A production that hits all its marks:
This is a “Best of” article, so I realize I need to pick something that was actually the best. You probably saw it, because it sold so well that they extended the run: I’m giving this one to Dark & Stormy’s The Hothouse. It was so good that, thinking back on it, I almost forgot about all it initially had going against it. Dark & Stormy was a relatively new company that decided, for its fifth show, to stage a weird play by Harold Pinter in the Grain Belt Bottling House in the middle of the winter. This does not sound auspicious… and yet they packed the house on a five-week run.
At the time, I blamed their wild success on a deal with the devil, but Dark & Stormy deserves more credit than that, because they did an amazing thing with a very strange play. To put it simply, The Hothouse is a dark satire of administrative incompetence, as the staff members of an English “rest home” (aka mental hospital) attempt to cover up a number of minor scandals. But Pinter doesn’t make it easy for his actors: he peppers his dialogue with unspoken subtext, and there is a clear shift in tone at intermission, from a first act that simmers with menace to a second act that lays bare the hospital’s hierarchies, manipulations, and outright sinister dealings.
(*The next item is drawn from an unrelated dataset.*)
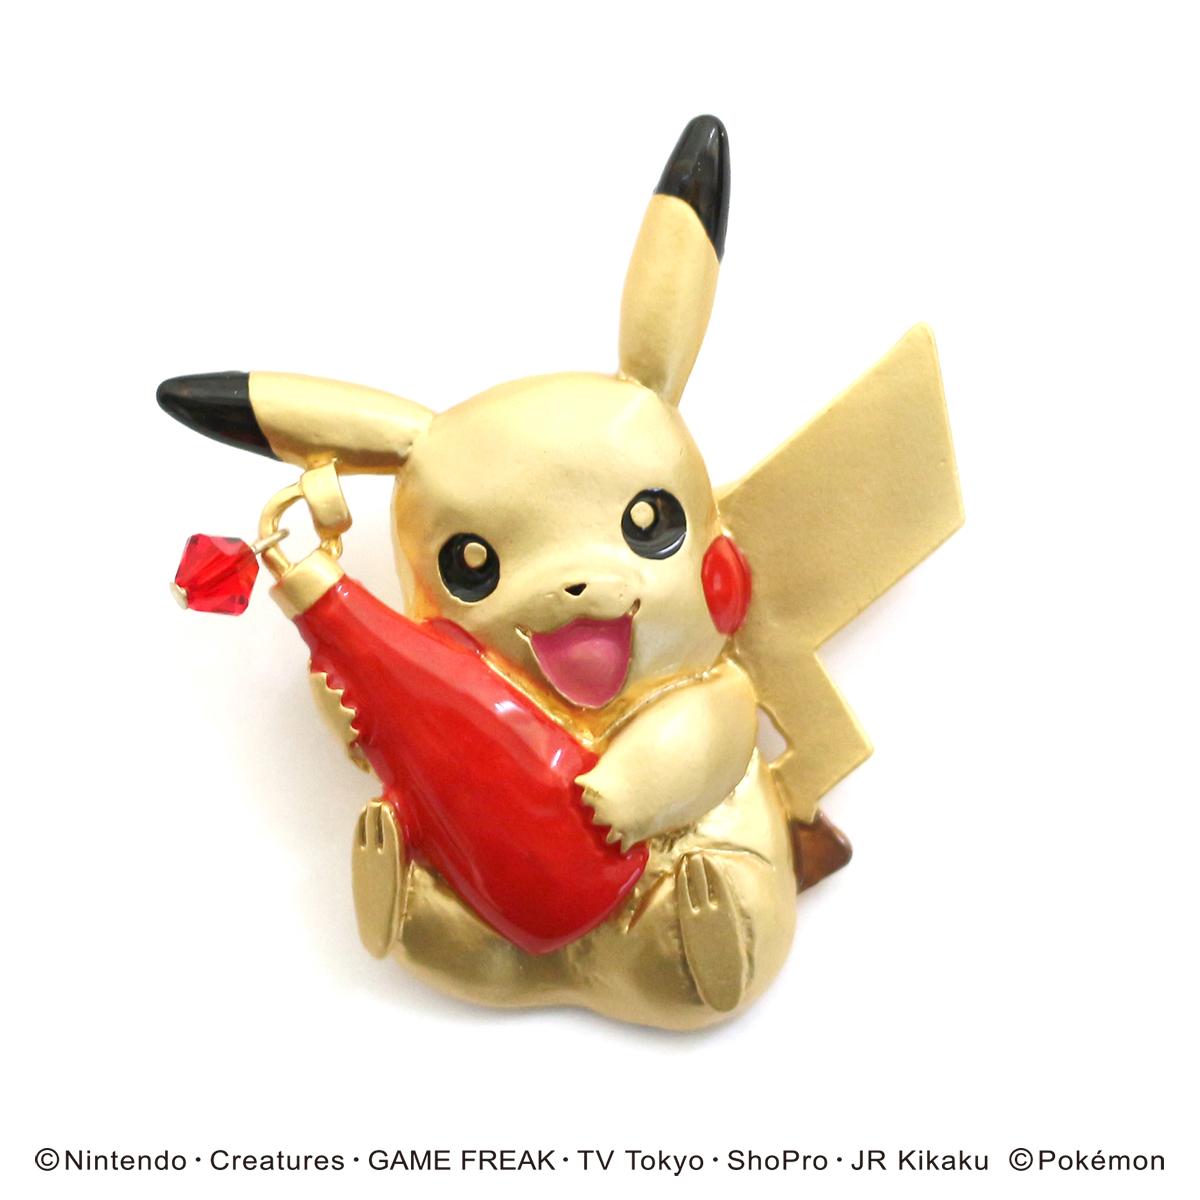 【スプリングセール】ピカチュウとケチャップ ブローチ / ピンブローチ【ポケモンシリーズ】
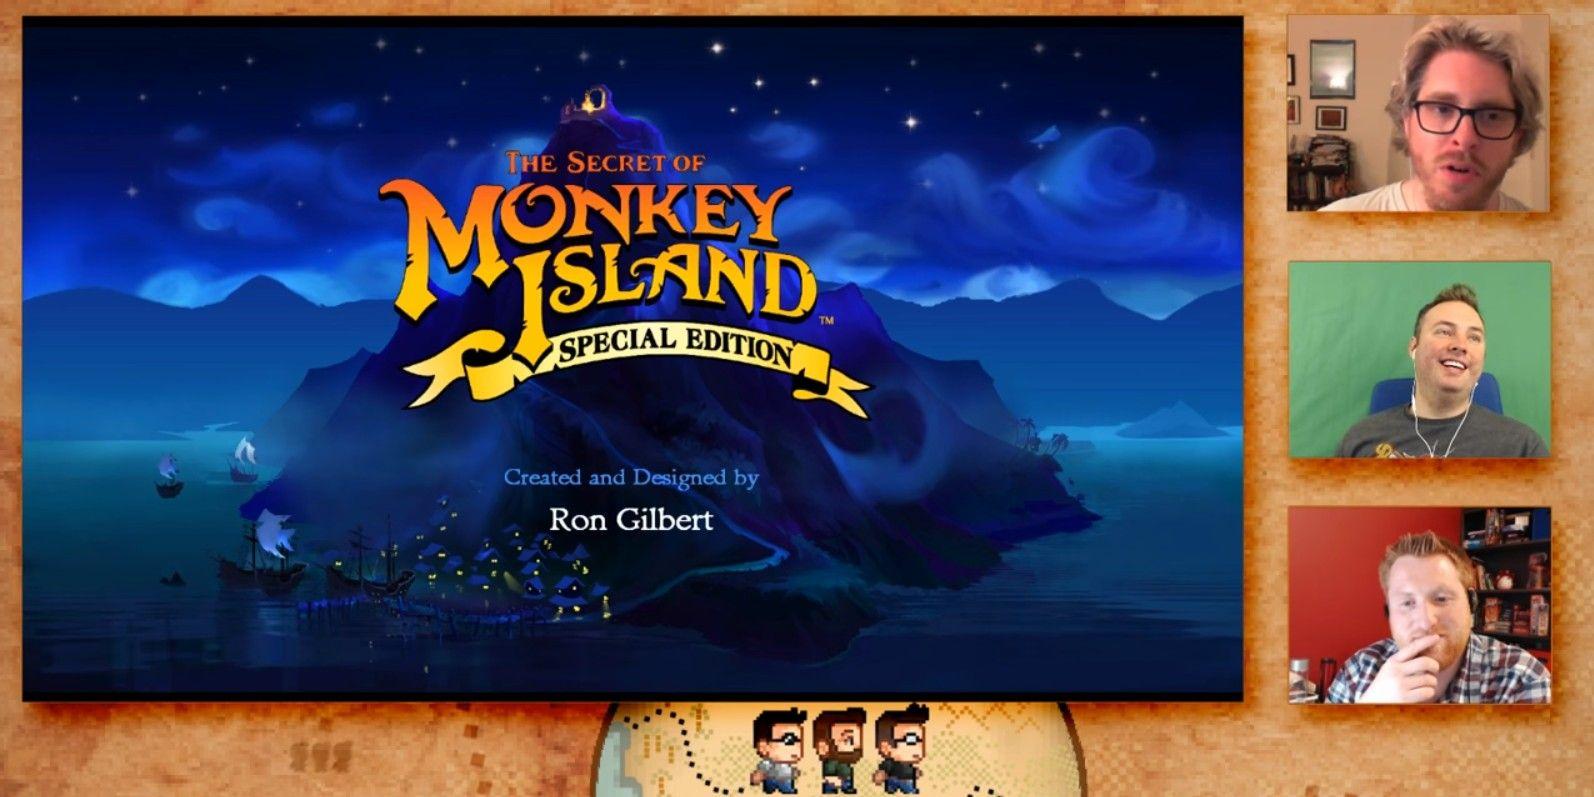 The Secret of Monkey Island: 3 maneiras de comemorar o 30º aniversário 3

The cavernous space of the Bottling House provided a perfect setting for the impersonal coldness of a mental hospital, but the sound design, with the actors mic’ed into individual headsets, created a sense of intimacy that provided a perfect way into the subtleties of the script. Speaking directly into our ears, the actors moved through a wide vocal range, including mumbles and whispers, that allowed them to bring out bits of comedy and creepiness that otherwise might have flown under the radar.
Dark & Stormy brought together a stellar cast for this one, including Robert Dorfman as a childish bureaucrat with too much power and too little responsibility, and Mark Benninghofen and Bill McCallum as a chilling pair of subordinates – one highly disciplined, the other a shamelessly smooth talker. John Catron and Sara Marsh were also excellent as a naïve newcomer and a cool, calculating seductress.
Of all of the points that stood out about the shows I mentioned above, The Hothouse had it all for me this year. It resonated with current issues about power and hierarchy without being painfully cerebral, and its design elements played an important role in bringing its off-kilter, eerie world to life. Finally, and maybe most crucially, it had a director, Ben McGovern, who knew how to get the most out of a space, a text, and a cast.
I’m ready for some more of this alchemy in 2015-16. Pick a weird or daring text, find the right people to make it, make bold design choices, and commit. I might be nervous on my way into the theater, but I want to be invigorated on my way out.